How to complete this task »
Repeat every line of the data exactly; no picture belongs in the copy.

Source data »
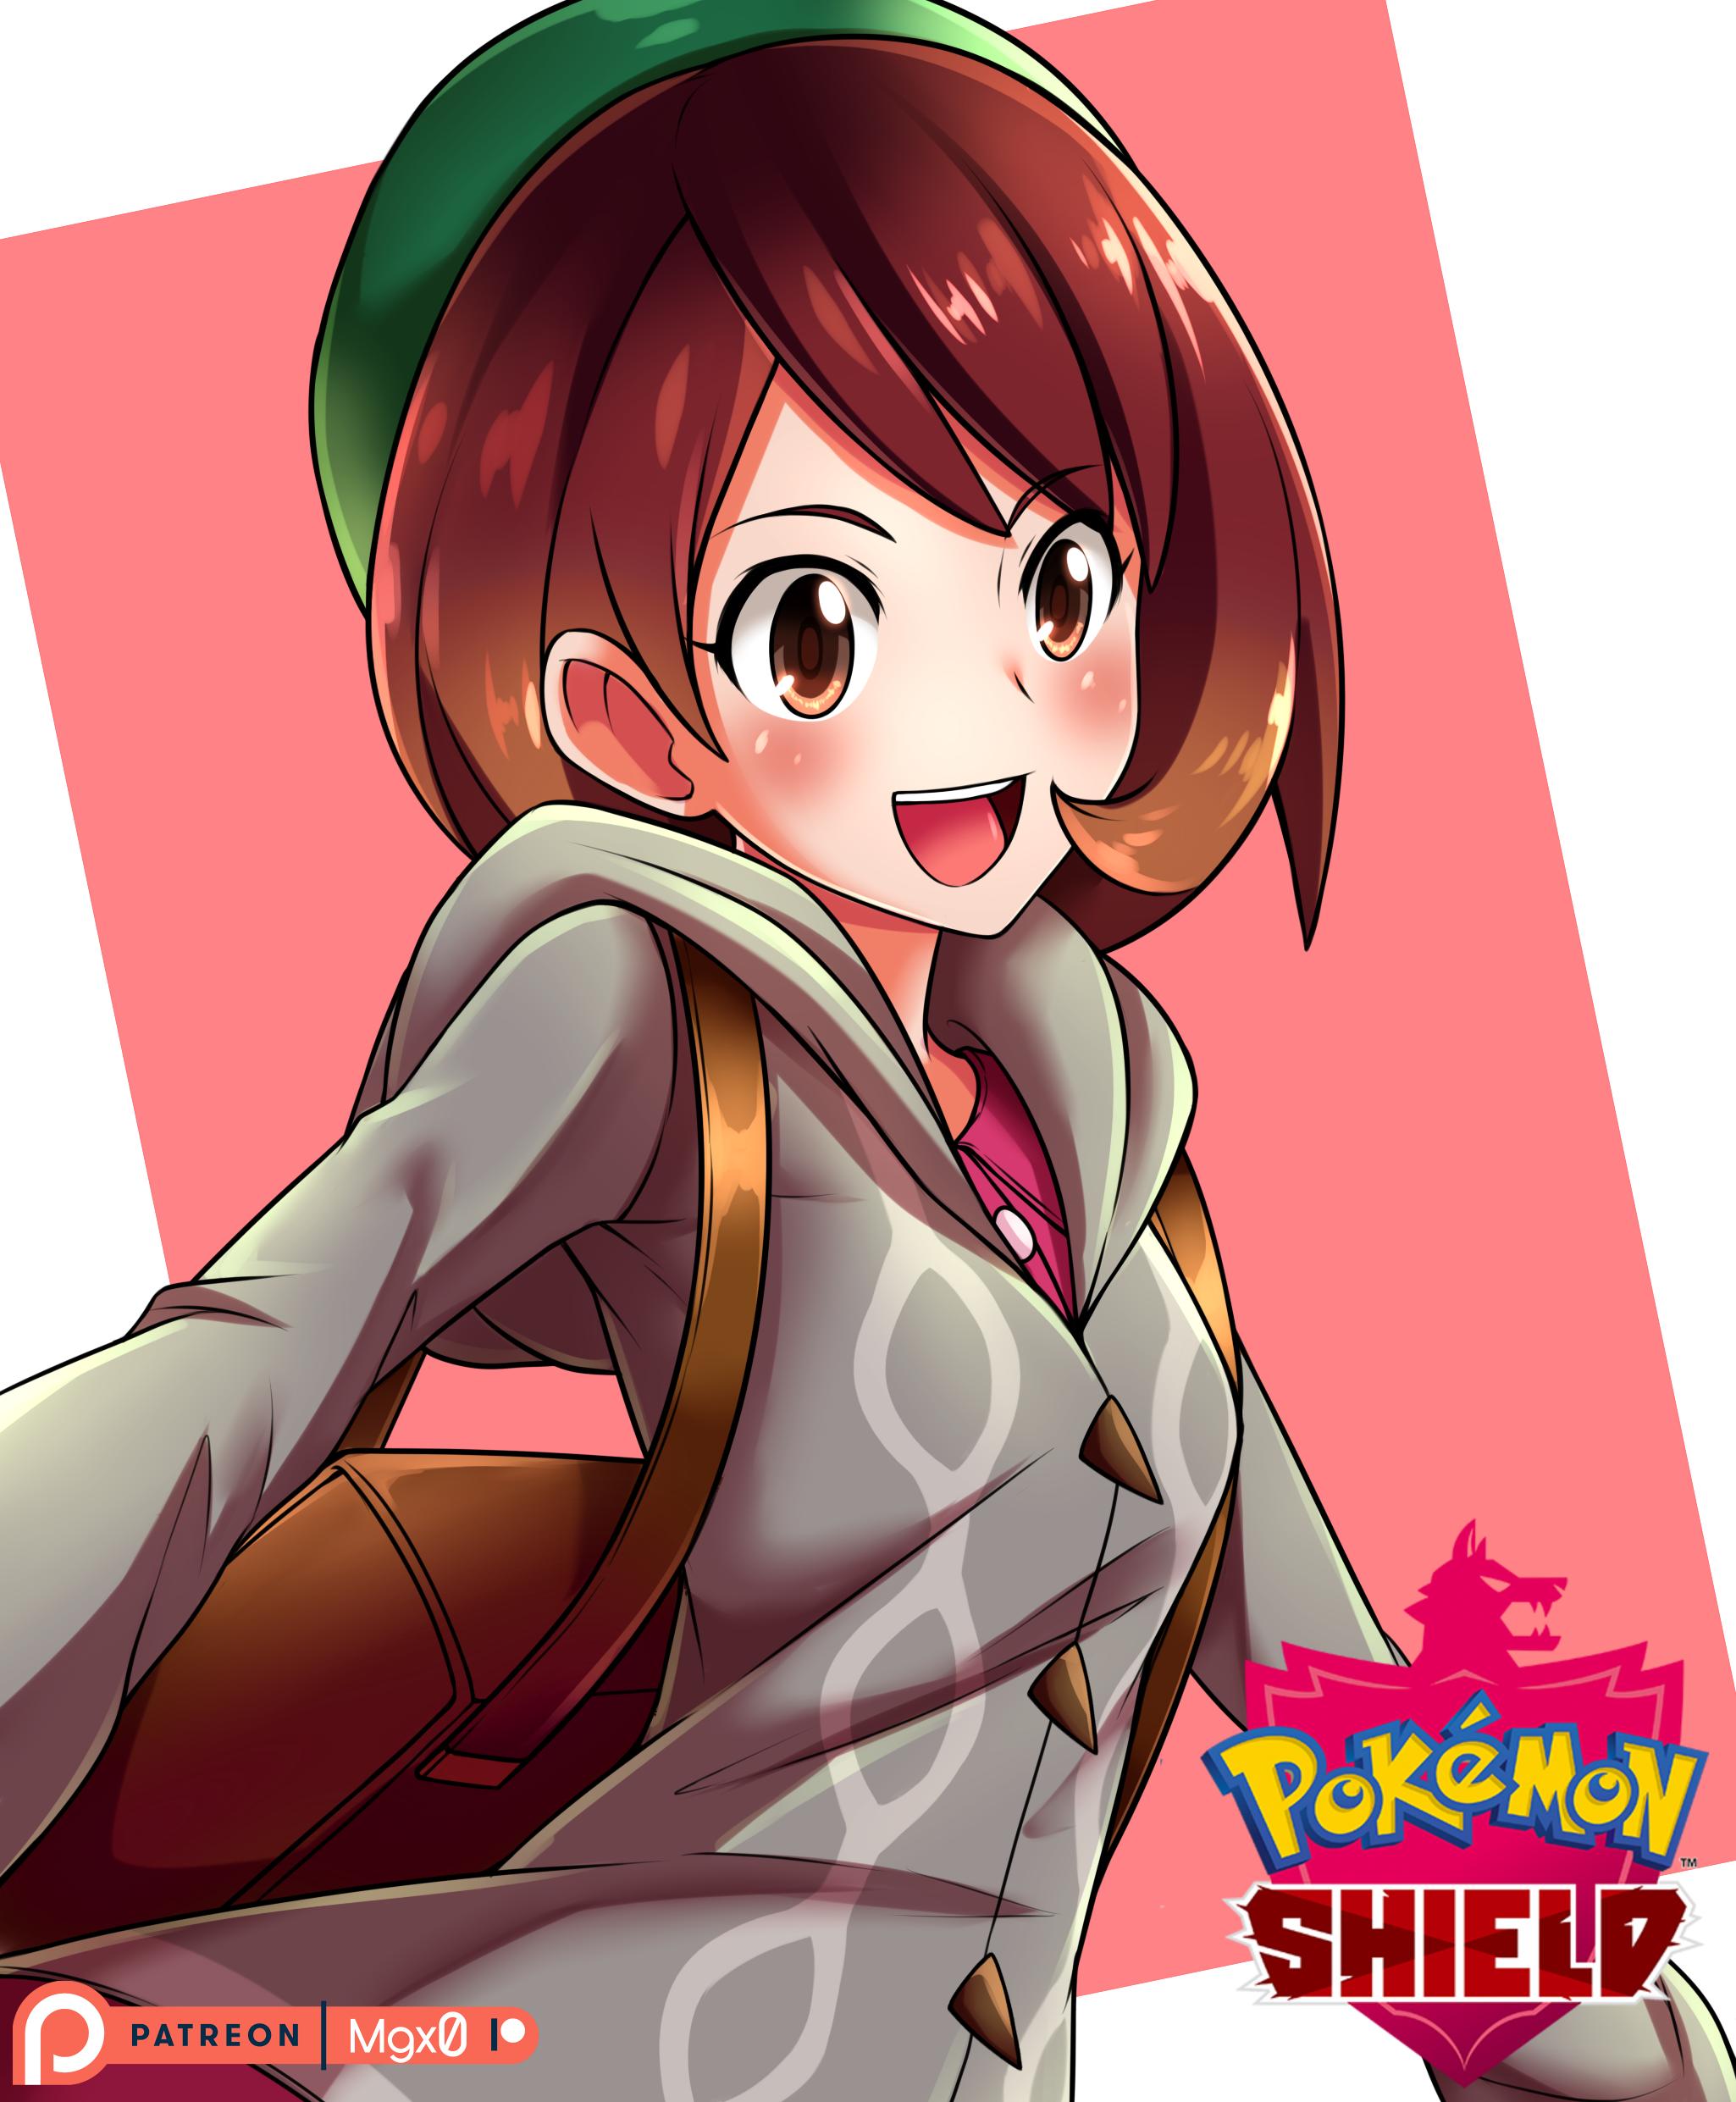 Pokemon Shield
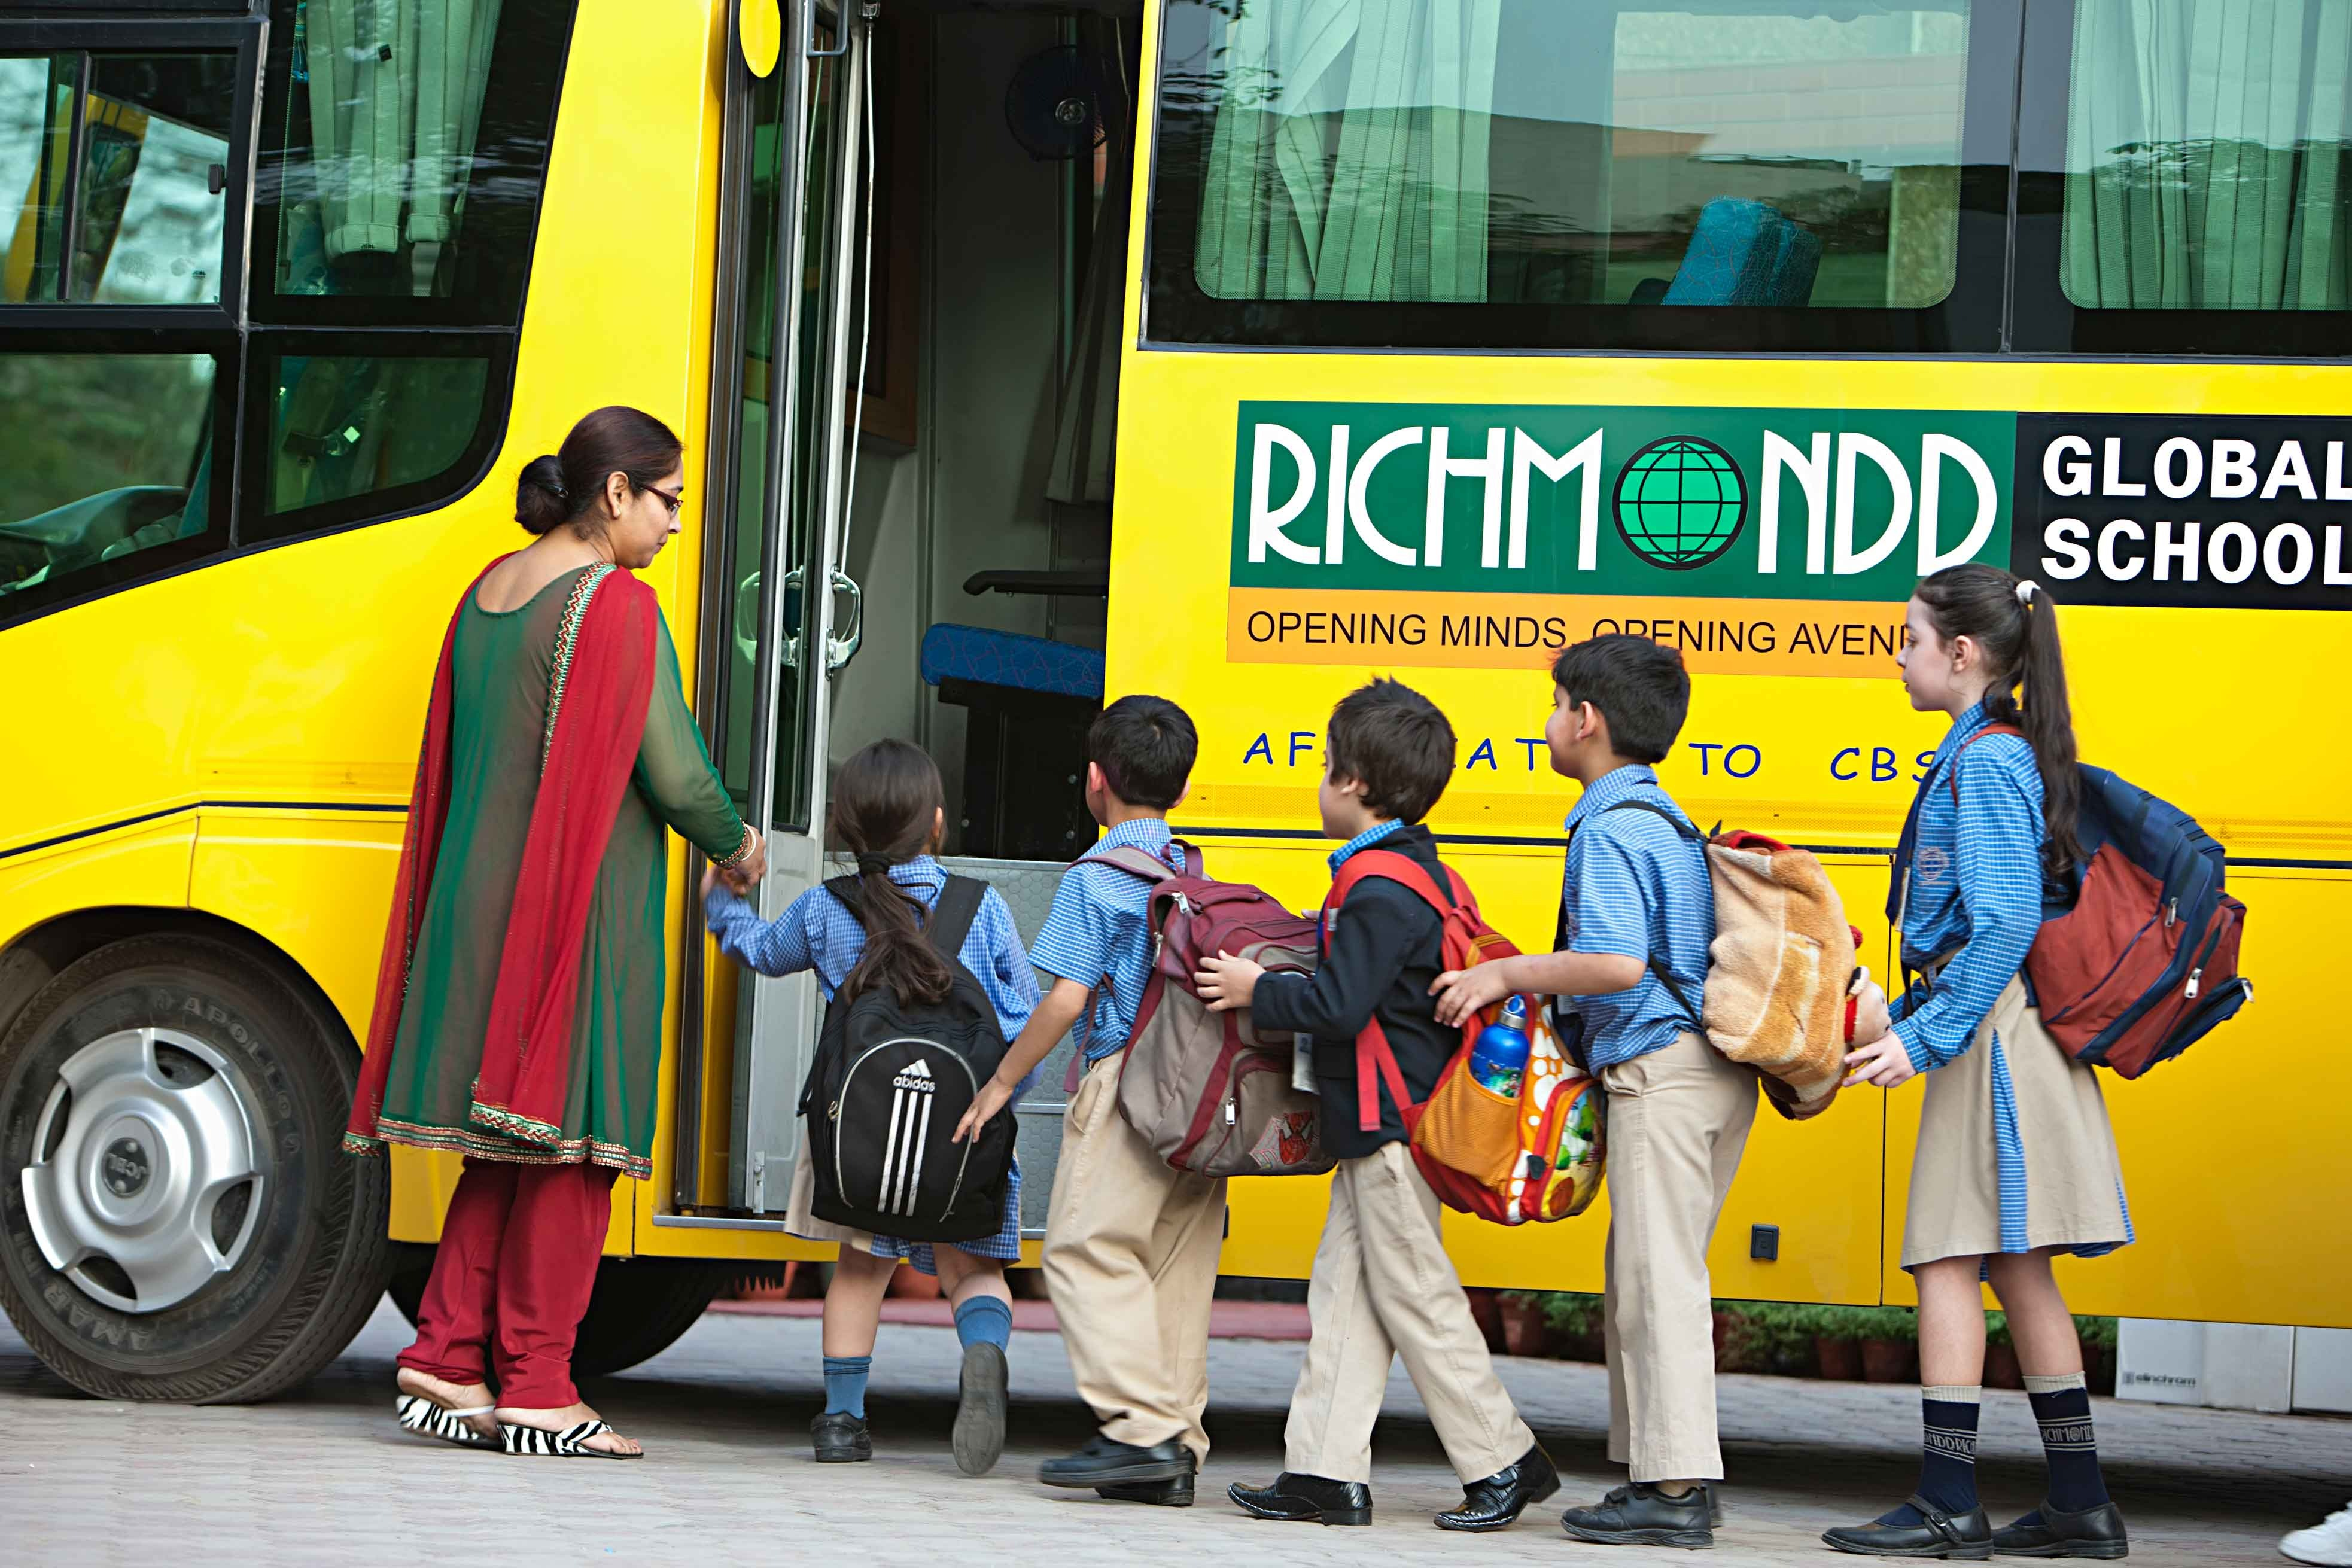 Richmondd Global School Paschim Vihar West Delhi
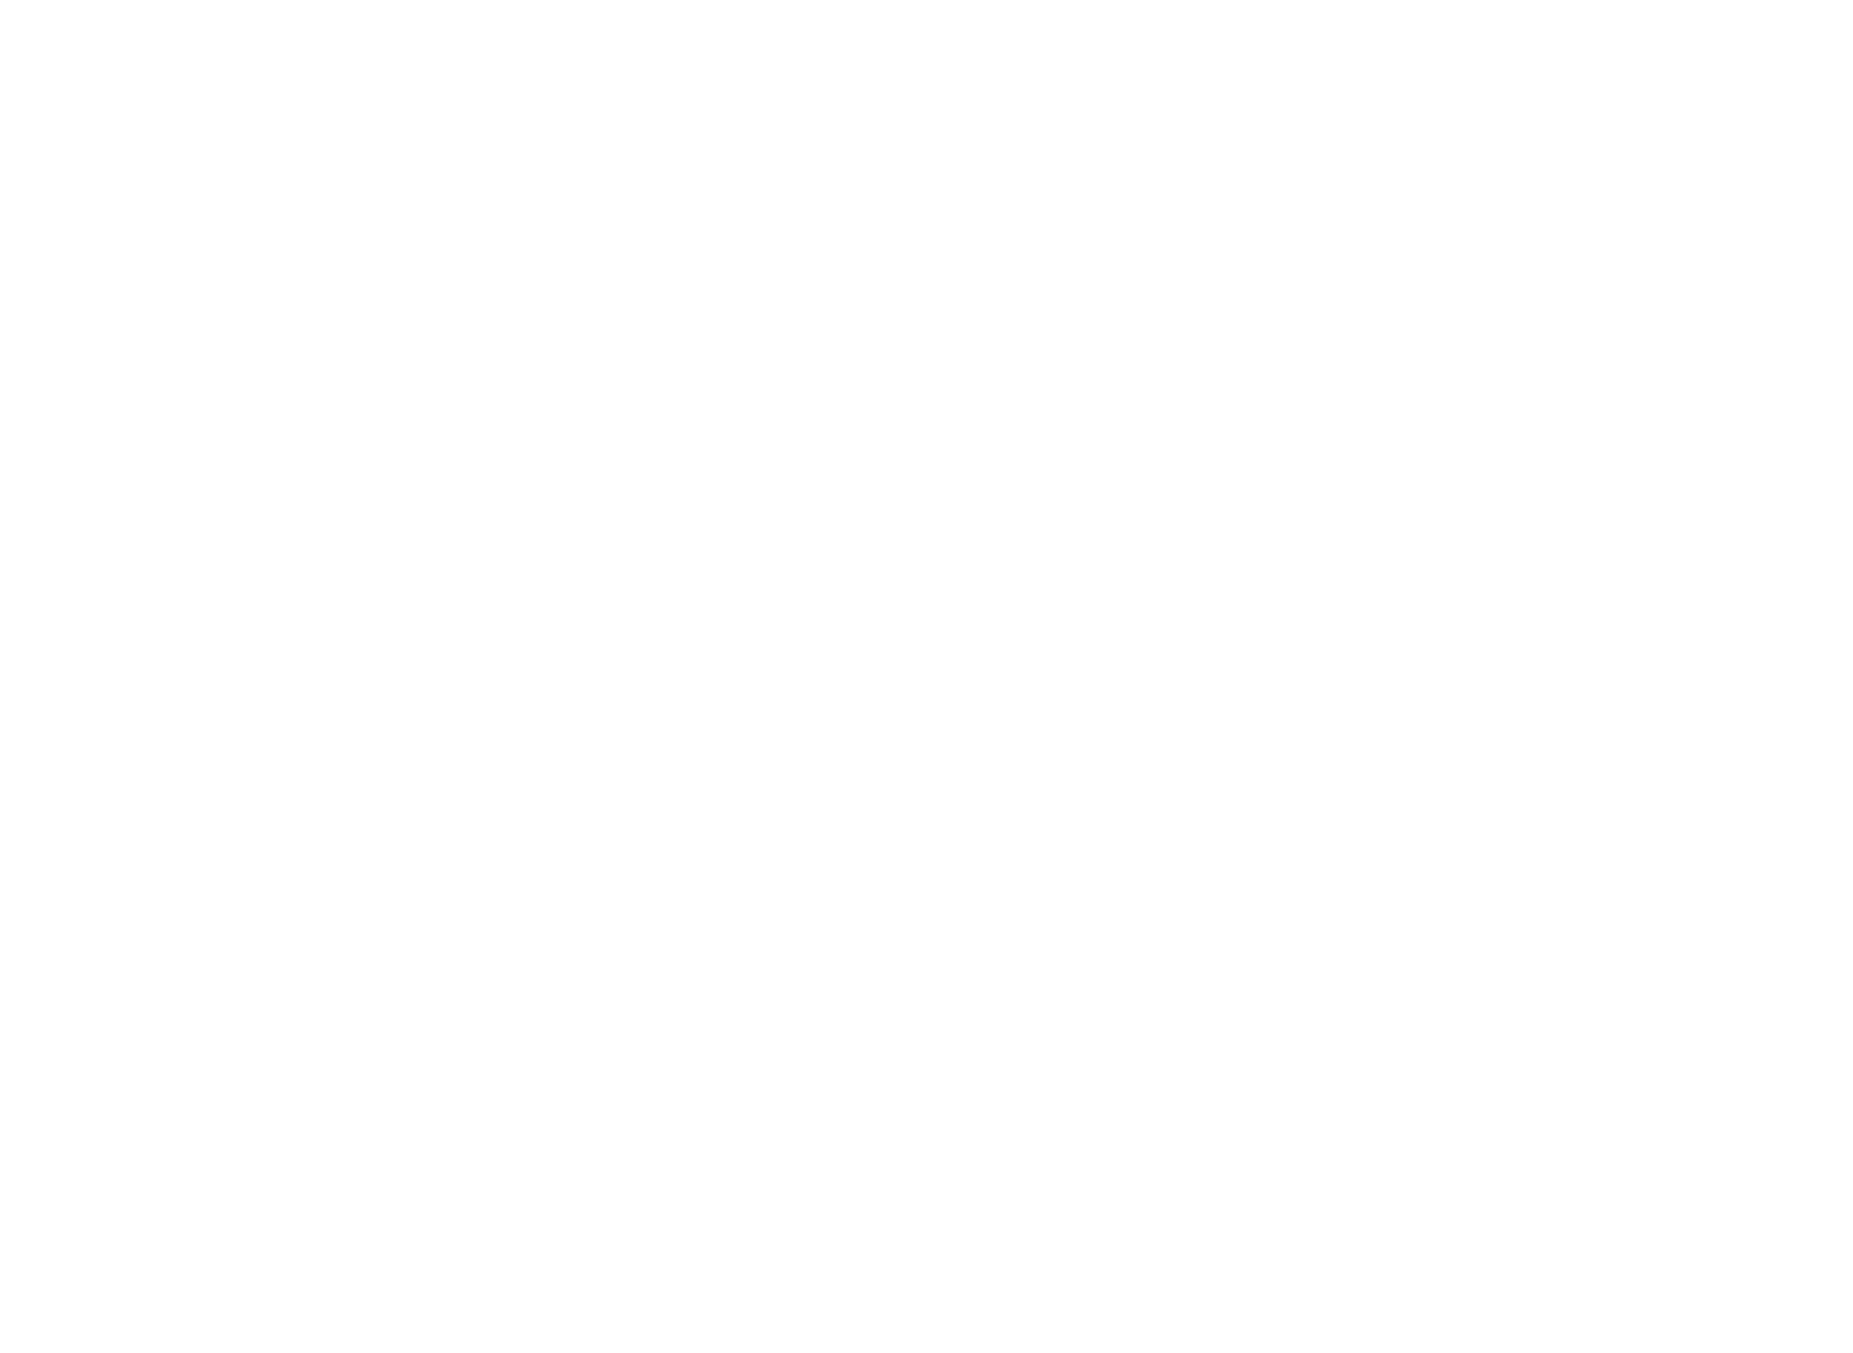 Excellence Green Awards

Result for this exercise »
 Pokemon Shield
 Richmondd Global School Paschim Vihar West Delhi
 Excellence Green Awards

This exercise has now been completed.